# [WHAT YOU HAVE TO DO]
Each entry below must appear in the output exactly as written.

(Collected data)

***

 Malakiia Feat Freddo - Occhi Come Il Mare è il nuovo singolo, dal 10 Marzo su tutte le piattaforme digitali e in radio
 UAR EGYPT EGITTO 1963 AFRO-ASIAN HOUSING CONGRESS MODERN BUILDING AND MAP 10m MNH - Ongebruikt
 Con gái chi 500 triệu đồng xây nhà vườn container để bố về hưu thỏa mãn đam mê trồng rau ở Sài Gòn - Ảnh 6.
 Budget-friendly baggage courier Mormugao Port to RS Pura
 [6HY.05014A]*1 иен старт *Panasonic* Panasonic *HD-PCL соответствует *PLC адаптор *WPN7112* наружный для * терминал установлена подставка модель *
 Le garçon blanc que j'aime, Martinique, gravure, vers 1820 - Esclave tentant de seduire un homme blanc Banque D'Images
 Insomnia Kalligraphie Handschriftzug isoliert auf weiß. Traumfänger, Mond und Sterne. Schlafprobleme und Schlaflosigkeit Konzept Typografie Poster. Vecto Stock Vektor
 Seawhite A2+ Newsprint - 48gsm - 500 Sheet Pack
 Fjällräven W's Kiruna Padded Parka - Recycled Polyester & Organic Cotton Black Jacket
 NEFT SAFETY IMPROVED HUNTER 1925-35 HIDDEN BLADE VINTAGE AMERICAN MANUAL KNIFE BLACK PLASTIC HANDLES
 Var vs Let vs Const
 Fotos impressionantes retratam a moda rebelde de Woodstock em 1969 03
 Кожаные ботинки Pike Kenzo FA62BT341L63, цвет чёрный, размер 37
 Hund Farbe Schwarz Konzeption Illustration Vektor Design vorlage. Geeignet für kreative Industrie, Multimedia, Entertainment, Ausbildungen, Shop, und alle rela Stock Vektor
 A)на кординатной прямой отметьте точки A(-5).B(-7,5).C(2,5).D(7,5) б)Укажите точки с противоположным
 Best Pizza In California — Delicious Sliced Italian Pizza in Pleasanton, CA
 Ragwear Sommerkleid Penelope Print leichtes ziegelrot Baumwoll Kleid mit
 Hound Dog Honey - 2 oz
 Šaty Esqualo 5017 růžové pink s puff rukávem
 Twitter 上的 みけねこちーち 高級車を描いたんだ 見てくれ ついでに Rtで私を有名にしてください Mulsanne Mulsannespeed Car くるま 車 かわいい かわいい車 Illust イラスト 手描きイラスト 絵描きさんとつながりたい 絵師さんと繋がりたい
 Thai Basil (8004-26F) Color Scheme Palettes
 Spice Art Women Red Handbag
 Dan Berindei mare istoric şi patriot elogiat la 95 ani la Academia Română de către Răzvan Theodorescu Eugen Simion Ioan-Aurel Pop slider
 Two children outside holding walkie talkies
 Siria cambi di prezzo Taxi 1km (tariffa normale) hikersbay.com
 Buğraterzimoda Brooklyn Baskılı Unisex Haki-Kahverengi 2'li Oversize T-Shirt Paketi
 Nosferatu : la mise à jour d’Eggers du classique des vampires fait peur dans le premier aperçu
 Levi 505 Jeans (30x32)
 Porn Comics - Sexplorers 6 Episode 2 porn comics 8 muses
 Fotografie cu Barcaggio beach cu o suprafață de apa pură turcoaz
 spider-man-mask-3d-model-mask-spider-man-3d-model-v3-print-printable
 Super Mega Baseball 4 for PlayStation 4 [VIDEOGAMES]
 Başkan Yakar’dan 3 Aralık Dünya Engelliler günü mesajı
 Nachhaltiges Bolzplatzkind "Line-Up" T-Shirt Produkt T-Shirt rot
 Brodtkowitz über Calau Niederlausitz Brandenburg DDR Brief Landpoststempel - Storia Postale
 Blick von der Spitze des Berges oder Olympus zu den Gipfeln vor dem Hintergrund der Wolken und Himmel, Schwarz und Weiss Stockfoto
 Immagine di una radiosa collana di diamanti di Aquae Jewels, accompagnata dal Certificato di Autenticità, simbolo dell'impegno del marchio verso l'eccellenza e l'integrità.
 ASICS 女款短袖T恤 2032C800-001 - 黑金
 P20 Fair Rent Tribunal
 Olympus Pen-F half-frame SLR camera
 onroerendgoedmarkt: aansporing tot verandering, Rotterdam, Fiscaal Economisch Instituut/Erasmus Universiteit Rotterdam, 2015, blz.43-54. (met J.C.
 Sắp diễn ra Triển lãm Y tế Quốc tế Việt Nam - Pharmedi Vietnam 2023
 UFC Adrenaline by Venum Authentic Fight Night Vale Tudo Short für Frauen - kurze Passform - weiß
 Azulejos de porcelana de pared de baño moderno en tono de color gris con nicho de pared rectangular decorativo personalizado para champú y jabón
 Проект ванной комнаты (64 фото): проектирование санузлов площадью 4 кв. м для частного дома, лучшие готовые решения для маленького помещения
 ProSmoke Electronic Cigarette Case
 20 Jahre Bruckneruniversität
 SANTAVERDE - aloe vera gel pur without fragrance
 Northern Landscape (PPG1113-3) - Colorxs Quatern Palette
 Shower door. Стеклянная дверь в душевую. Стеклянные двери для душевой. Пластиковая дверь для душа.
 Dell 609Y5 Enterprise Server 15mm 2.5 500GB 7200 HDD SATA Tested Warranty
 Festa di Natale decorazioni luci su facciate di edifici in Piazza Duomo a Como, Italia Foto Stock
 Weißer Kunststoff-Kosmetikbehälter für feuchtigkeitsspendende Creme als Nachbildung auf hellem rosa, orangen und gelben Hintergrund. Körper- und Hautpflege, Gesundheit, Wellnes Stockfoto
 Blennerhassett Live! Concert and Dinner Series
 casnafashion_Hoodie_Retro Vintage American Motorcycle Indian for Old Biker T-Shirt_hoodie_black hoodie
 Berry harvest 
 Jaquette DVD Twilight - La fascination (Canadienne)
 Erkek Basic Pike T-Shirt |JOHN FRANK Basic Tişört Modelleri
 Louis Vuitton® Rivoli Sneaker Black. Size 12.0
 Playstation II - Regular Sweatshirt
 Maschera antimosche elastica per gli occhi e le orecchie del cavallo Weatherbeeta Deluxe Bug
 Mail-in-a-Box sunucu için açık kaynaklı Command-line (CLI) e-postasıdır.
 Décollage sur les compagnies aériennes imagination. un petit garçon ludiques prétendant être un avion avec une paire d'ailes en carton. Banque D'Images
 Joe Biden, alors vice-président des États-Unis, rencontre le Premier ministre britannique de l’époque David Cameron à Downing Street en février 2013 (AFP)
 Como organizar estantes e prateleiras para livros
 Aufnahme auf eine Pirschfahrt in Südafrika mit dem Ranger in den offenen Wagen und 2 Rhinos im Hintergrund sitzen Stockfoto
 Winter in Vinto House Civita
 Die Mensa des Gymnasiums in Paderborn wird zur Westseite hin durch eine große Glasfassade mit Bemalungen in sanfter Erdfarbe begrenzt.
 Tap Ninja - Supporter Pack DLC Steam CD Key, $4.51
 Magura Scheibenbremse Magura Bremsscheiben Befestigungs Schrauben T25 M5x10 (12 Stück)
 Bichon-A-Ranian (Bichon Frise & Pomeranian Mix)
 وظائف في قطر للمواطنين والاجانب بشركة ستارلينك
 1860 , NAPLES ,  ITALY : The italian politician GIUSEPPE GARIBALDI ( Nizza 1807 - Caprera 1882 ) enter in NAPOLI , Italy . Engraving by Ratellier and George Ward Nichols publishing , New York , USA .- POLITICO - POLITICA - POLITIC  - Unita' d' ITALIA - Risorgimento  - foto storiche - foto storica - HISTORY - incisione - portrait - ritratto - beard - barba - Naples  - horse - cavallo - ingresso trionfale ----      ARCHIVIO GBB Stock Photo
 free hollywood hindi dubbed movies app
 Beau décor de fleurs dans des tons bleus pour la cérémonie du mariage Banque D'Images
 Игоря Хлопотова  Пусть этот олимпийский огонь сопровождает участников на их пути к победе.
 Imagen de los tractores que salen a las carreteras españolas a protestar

***

# [SOLUTION TO THIS TASK]
 Malakiia Feat Freddo - Occhi Come Il Mare è il nuovo singolo, dal 10 Marzo su tutte le piattaforme digitali e in radio
 UAR EGYPT EGITTO 1963 AFRO-ASIAN HOUSING CONGRESS MODERN BUILDING AND MAP 10m MNH - Ongebruikt
 Con gái chi 500 triệu đồng xây nhà vườn container để bố về hưu thỏa mãn đam mê trồng rau ở Sài Gòn - Ảnh 6.
 Budget-friendly baggage courier Mormugao Port to RS Pura
 [6HY.05014A]*1 иен старт *Panasonic* Panasonic *HD-PCL соответствует *PLC адаптор *WPN7112* наружный для * терминал установлена подставка модель *
 Le garçon blanc que j'aime, Martinique, gravure, vers 1820 - Esclave tentant de seduire un homme blanc Banque D'Images
 Insomnia Kalligraphie Handschriftzug isoliert auf weiß. Traumfänger, Mond und Sterne. Schlafprobleme und Schlaflosigkeit Konzept Typografie Poster. Vecto Stock Vektor
 Seawhite A2+ Newsprint - 48gsm - 500 Sheet Pack
 Fjällräven W's Kiruna Padded Parka - Recycled Polyester & Organic Cotton Black Jacket
 NEFT SAFETY IMPROVED HUNTER 1925-35 HIDDEN BLADE VINTAGE AMERICAN MANUAL KNIFE BLACK PLASTIC HANDLES
 Var vs Let vs Const
 Fotos impressionantes retratam a moda rebelde de Woodstock em 1969 03
 Кожаные ботинки Pike Kenzo FA62BT341L63, цвет чёрный, размер 37
 Hund Farbe Schwarz Konzeption Illustration Vektor Design vorlage. Geeignet für kreative Industrie, Multimedia, Entertainment, Ausbildungen, Shop, und alle rela Stock Vektor
 A)на кординатной прямой отметьте точки A(-5).B(-7,5).C(2,5).D(7,5) б)Укажите точки с противоположным
 Best Pizza In California — Delicious Sliced Italian Pizza in Pleasanton, CA
 Ragwear Sommerkleid Penelope Print leichtes ziegelrot Baumwoll Kleid mit
 Hound Dog Honey - 2 oz
 Šaty Esqualo 5017 růžové pink s puff rukávem
 Twitter 上的 みけねこちーち 高級車を描いたんだ 見てくれ ついでに Rtで私を有名にしてください Mulsanne Mulsannespeed Car くるま 車 かわいい かわいい車 Illust イラスト 手描きイラスト 絵描きさんとつながりたい 絵師さんと繋がりたい
 Thai Basil (8004-26F) Color Scheme Palettes
 Spice Art Women Red Handbag
 Dan Berindei mare istoric şi patriot elogiat la 95 ani la Academia Română de către Răzvan Theodorescu Eugen Simion Ioan-Aurel Pop slider
 Two children outside holding walkie talkies
 Siria cambi di prezzo Taxi 1km (tariffa normale) hikersbay.com
 Buğraterzimoda Brooklyn Baskılı Unisex Haki-Kahverengi 2'li Oversize T-Shirt Paketi
 Nosferatu : la mise à jour d’Eggers du classique des vampires fait peur dans le premier aperçu
 Levi 505 Jeans (30x32)
 Porn Comics - Sexplorers 6 Episode 2 porn comics 8 muses
 Fotografie cu Barcaggio beach cu o suprafață de apa pură turcoaz
 spider-man-mask-3d-model-mask-spider-man-3d-model-v3-print-printable
 Super Mega Baseball 4 for PlayStation 4 [VIDEOGAMES]
 Başkan Yakar’dan 3 Aralık Dünya Engelliler günü mesajı
 Nachhaltiges Bolzplatzkind "Line-Up" T-Shirt Produkt T-Shirt rot
 Brodtkowitz über Calau Niederlausitz Brandenburg DDR Brief Landpoststempel - Storia Postale
 Blick von der Spitze des Berges oder Olympus zu den Gipfeln vor dem Hintergrund der Wolken und Himmel, Schwarz und Weiss Stockfoto
 Immagine di una radiosa collana di diamanti di Aquae Jewels, accompagnata dal Certificato di Autenticità, simbolo dell'impegno del marchio verso l'eccellenza e l'integrità.
 ASICS 女款短袖T恤 2032C800-001 - 黑金
 P20 Fair Rent Tribunal
 Olympus Pen-F half-frame SLR camera
 onroerendgoedmarkt: aansporing tot verandering, Rotterdam, Fiscaal Economisch Instituut/Erasmus Universiteit Rotterdam, 2015, blz.43-54. (met J.C.
 Sắp diễn ra Triển lãm Y tế Quốc tế Việt Nam - Pharmedi Vietnam 2023
 UFC Adrenaline by Venum Authentic Fight Night Vale Tudo Short für Frauen - kurze Passform - weiß
 Azulejos de porcelana de pared de baño moderno en tono de color gris con nicho de pared rectangular decorativo personalizado para champú y jabón
 Проект ванной комнаты (64 фото): проектирование санузлов площадью 4 кв. м для частного дома, лучшие готовые решения для маленького помещения
 ProSmoke Electronic Cigarette Case
 20 Jahre Bruckneruniversität
 SANTAVERDE - aloe vera gel pur without fragrance
 Northern Landscape (PPG1113-3) - Colorxs Quatern Palette
 Shower door. Стеклянная дверь в душевую. Стеклянные двери для душевой. Пластиковая дверь для душа.
 Dell 609Y5 Enterprise Server 15mm 2.5 500GB 7200 HDD SATA Tested Warranty
 Festa di Natale decorazioni luci su facciate di edifici in Piazza Duomo a Como, Italia Foto Stock
 Weißer Kunststoff-Kosmetikbehälter für feuchtigkeitsspendende Creme als Nachbildung auf hellem rosa, orangen und gelben Hintergrund. Körper- und Hautpflege, Gesundheit, Wellnes Stockfoto
 Blennerhassett Live! Concert and Dinner Series
 casnafashion_Hoodie_Retro Vintage American Motorcycle Indian for Old Biker T-Shirt_hoodie_black hoodie
 Berry harvest 
 Jaquette DVD Twilight - La fascination (Canadienne)
 Erkek Basic Pike T-Shirt |JOHN FRANK Basic Tişört Modelleri
 Louis Vuitton® Rivoli Sneaker Black. Size 12.0
 Playstation II - Regular Sweatshirt
 Maschera antimosche elastica per gli occhi e le orecchie del cavallo Weatherbeeta Deluxe Bug
 Mail-in-a-Box sunucu için açık kaynaklı Command-line (CLI) e-postasıdır.
 Décollage sur les compagnies aériennes imagination. un petit garçon ludiques prétendant être un avion avec une paire d'ailes en carton. Banque D'Images
 Joe Biden, alors vice-président des États-Unis, rencontre le Premier ministre britannique de l’époque David Cameron à Downing Street en février 2013 (AFP)
 Como organizar estantes e prateleiras para livros
 Aufnahme auf eine Pirschfahrt in Südafrika mit dem Ranger in den offenen Wagen und 2 Rhinos im Hintergrund sitzen Stockfoto
 Winter in Vinto House Civita
 Die Mensa des Gymnasiums in Paderborn wird zur Westseite hin durch eine große Glasfassade mit Bemalungen in sanfter Erdfarbe begrenzt.
 Tap Ninja - Supporter Pack DLC Steam CD Key, $4.51
 Magura Scheibenbremse Magura Bremsscheiben Befestigungs Schrauben T25 M5x10 (12 Stück)
 Bichon-A-Ranian (Bichon Frise & Pomeranian Mix)
 وظائف في قطر للمواطنين والاجانب بشركة ستارلينك
 1860 , NAPLES ,  ITALY : The italian politician GIUSEPPE GARIBALDI ( Nizza 1807 - Caprera 1882 ) enter in NAPOLI , Italy . Engraving by Ratellier and George Ward Nichols publishing , New York , USA .- POLITICO - POLITICA - POLITIC  - Unita' d' ITALIA - Risorgimento  - foto storiche - foto storica - HISTORY - incisione - portrait - ritratto - beard - barba - Naples  - horse - cavallo - ingresso trionfale ----      ARCHIVIO GBB Stock Photo
 free hollywood hindi dubbed movies app
 Beau décor de fleurs dans des tons bleus pour la cérémonie du mariage Banque D'Images
 Игоря Хлопотова  Пусть этот олимпийский огонь сопровождает участников на их пути к победе.
 Imagen de los tractores que salen a las carreteras españolas a protestar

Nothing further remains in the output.